SP-Unternehmer zur Resolution der FP-Wirtschaftstreibenden

Wien (OTS) - Der Präsident des Wirtschaftsverbandes Wien, GR Fritz Strobl, erlaubt sich, seiner Verwunderung darüber Ausdruck zu verleihen, dass der Ring Freier Wirtschaftstreibender FP-Spitzenfunktionären Vorwürfe über das "Sprengen" der FPÖVP-Koalition macht. "Als selbsternannte Vertreter der Klein- und Mittelbetriebe muss der RFW wissen, wie es um diese bestellt ist. Der Abgang der noch-Bundesregierung ist das ermutigendste Zeichen für alle Klein- und Mittelunternehmen Österreichs seit langem. Die desaströse Politik von Schwarz-Blau hat, mit reger Unterstützung des RFW, eine Politik betrieben, die sich stets nur an den Interessen von Branchenriesen, Handelsketten und multinationalen Konzernen orientiert hat. Dass diese Regierung nun die wohl verdiente rote Karte erhält, sollte jeden Fürsprecher von Klein- und Mittelbetrieben freudig stimmen."

Dass dem Land durch die FPÖ irreparabler Schaden zugefügt wurde, sei zweifellos richtig. Die Wirtschaftspolitik sei von Zynismus und Ignoranz geprägt gewesen. Die Regierung habe alle ihre Zusagen gegenüber der Wirtschaft gebrochen. "Statt Belastungen zu senken, hat die FPÖVP-Koalition neue erfunden, die versprochene Steuerreform wurde auf die lange Bank geschoben, statt wirksamer Konjunkturprogramme hat sich die Regierung in Schönreden geübt. Eine Fortsetzung der Wirtschaftspolitik wäre eine Bedrohung für den Wohlfahrtsstaat gewesen."

Den KMUs seien nicht, wie vom RFW behauptet, durch den Bruch der Koalition, sondern durch die "Arbeit" der blau-schwarzen Regierung schwere Nachteile entstanden.

"Die Bilanz ist vernichtend: deutlich weniger Förderungen im Export und im Bereich der Klein- und Mittelbetriebe, um ein Drittel weniger öffentliche Investitionen, mit 47,2 % hat Österreich die höchste Steuer- und Abgabenquote in der Geschichte und die Arbeitslosenzahlen sind um 17 % gegenüber 2001 gestiegen.

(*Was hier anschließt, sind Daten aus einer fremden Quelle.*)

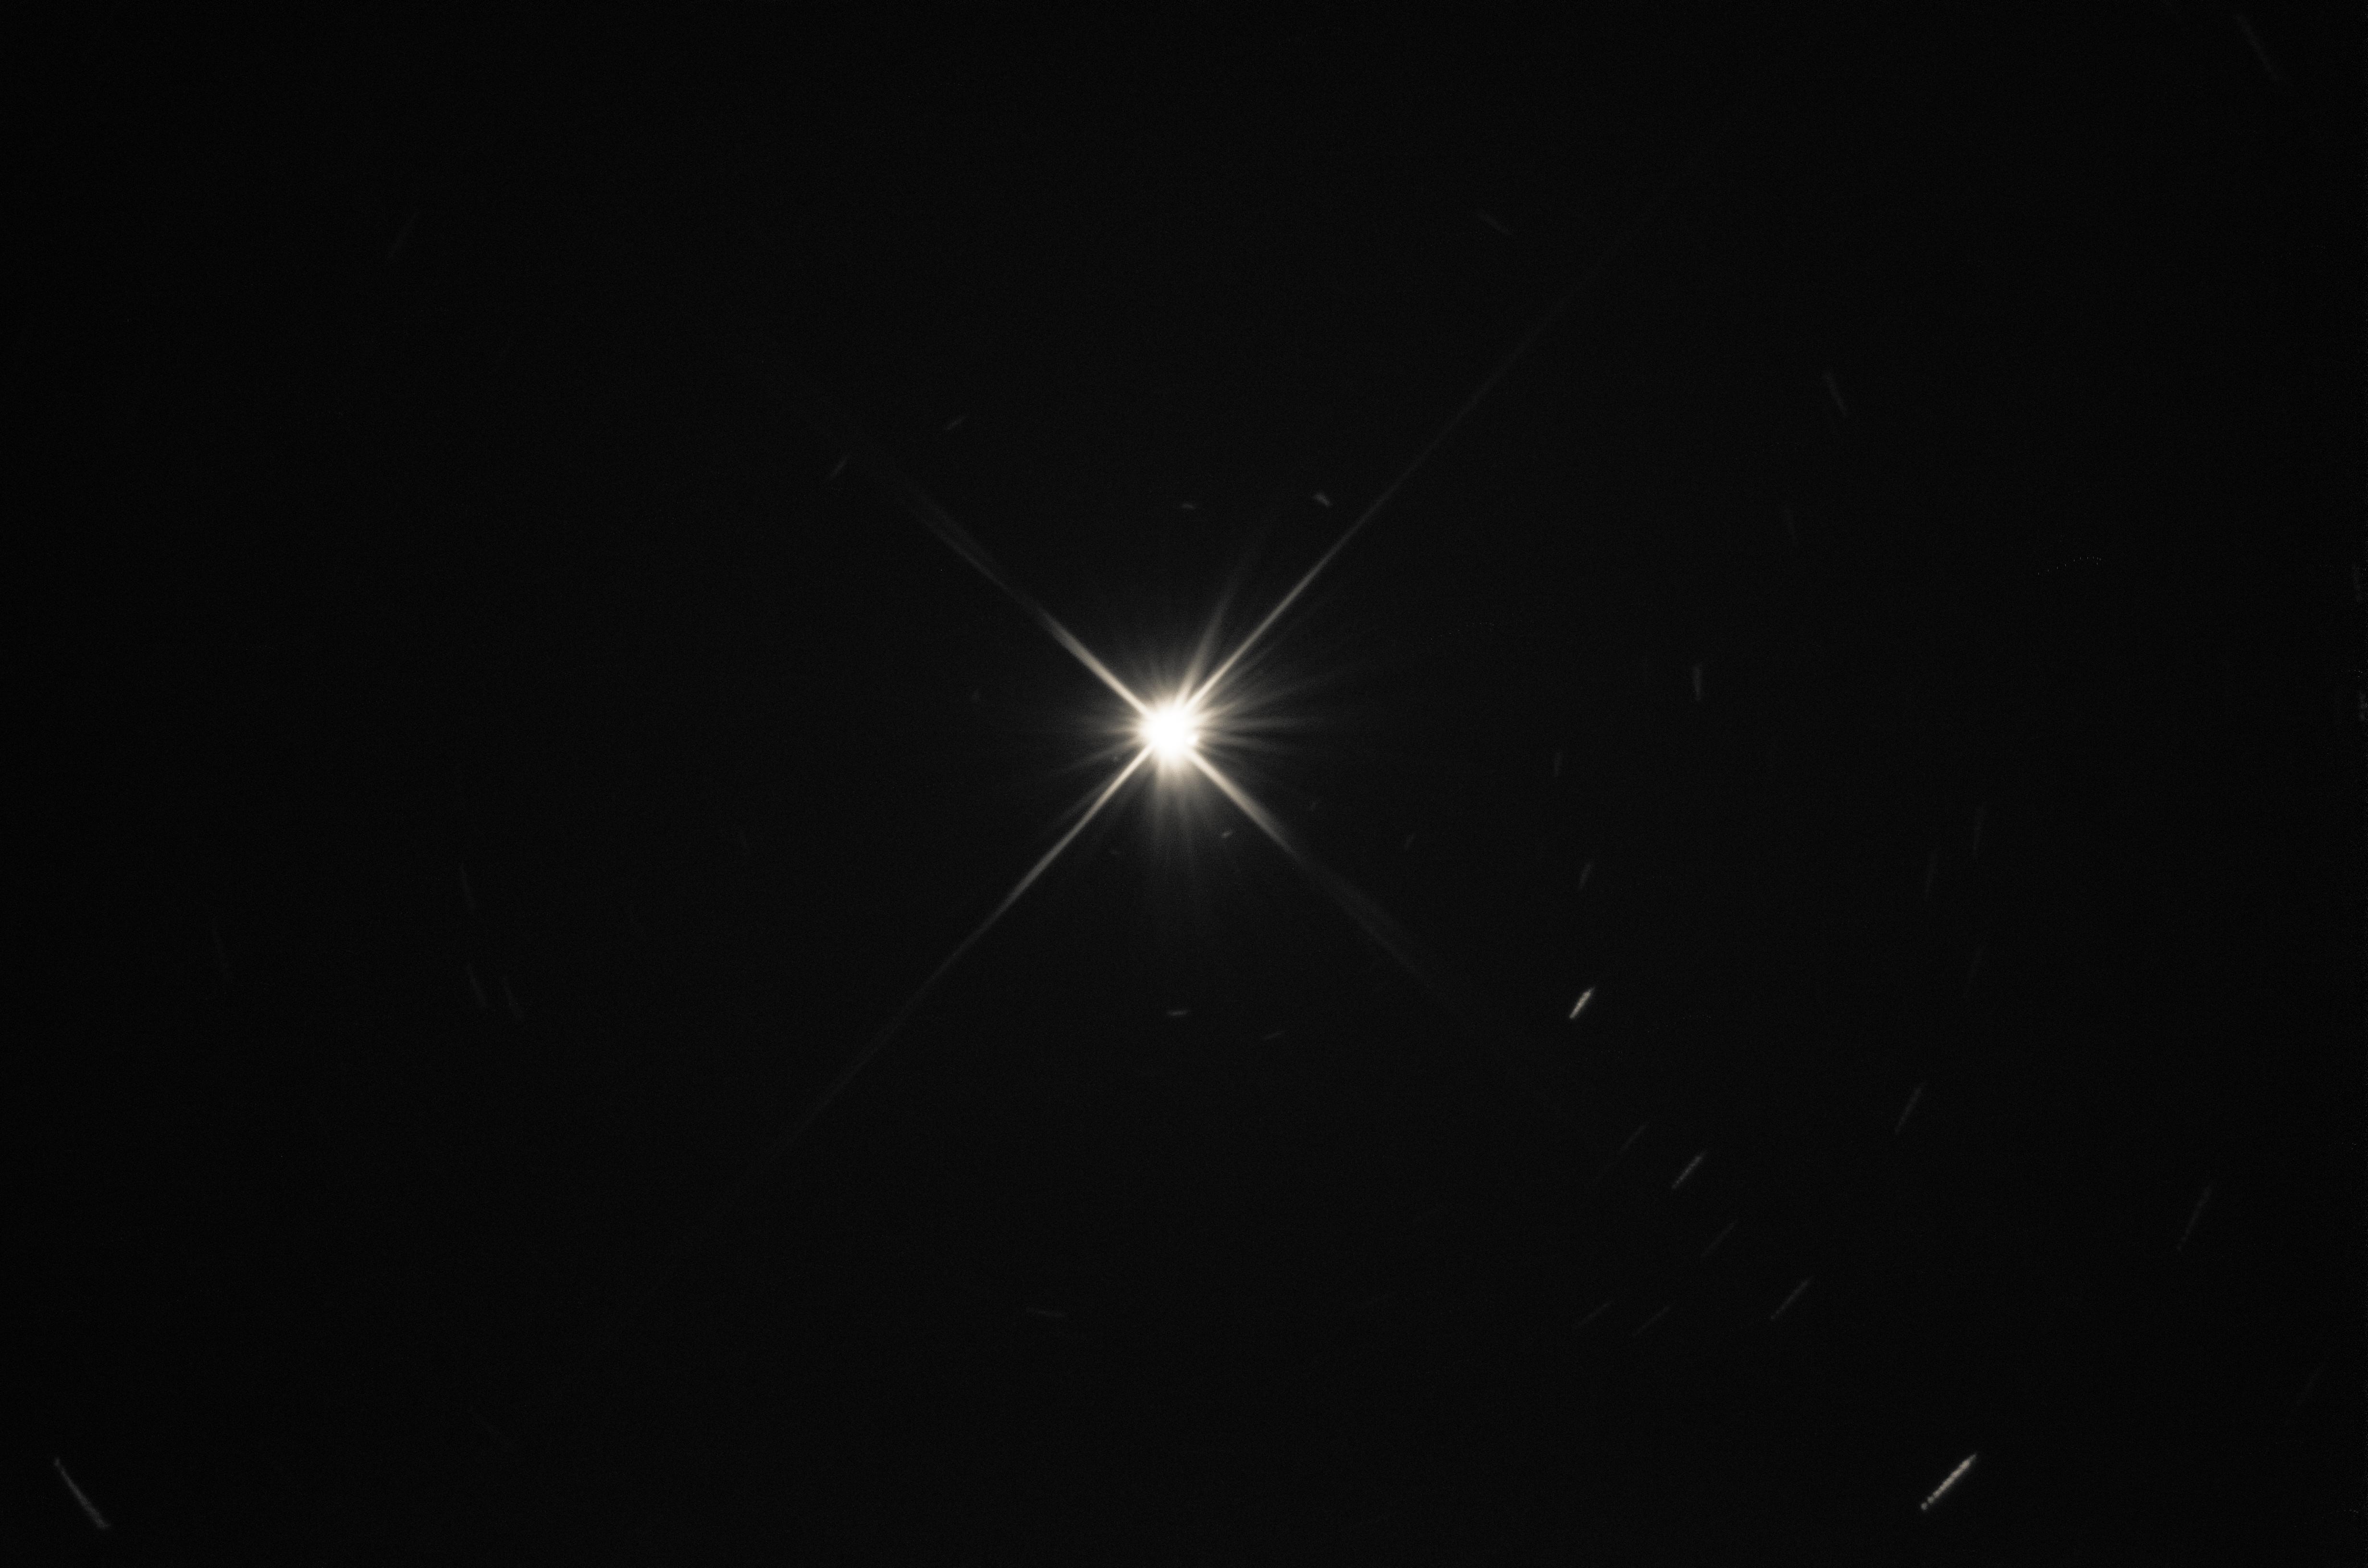 Methods of detecting exoplanets  Wikipedia

Die versprochene Lohnnebenkosten-Senkung wurde nicht erreicht, aber Milliarden Euro sollten für den sinnlosen Kauf der teuersten Abfangjäger ausgegeben werden. Die Klein- und Mittelbetriebe
stehen vor dem Scherbenhaufen der Wirtschaftspolitik von FP und VP. Pleitewellen folgen einander und die Umsätze sind vor allem im Handel eingebrochen, weil die Kaufkraft der Konsumenten radikal geschwächt wurde. Was soll den KMUs Besseres passieren, als wenn die Verantwortlichen für diese Lage in die Wüste geschickt werden?"

Der RFW sei sich wohl bewusst, selber zu den Verantwortlichen zu zählen und daher über das Ende der Koalition unglücklich, so der Wiener Wirtschaftsverband-Präsident.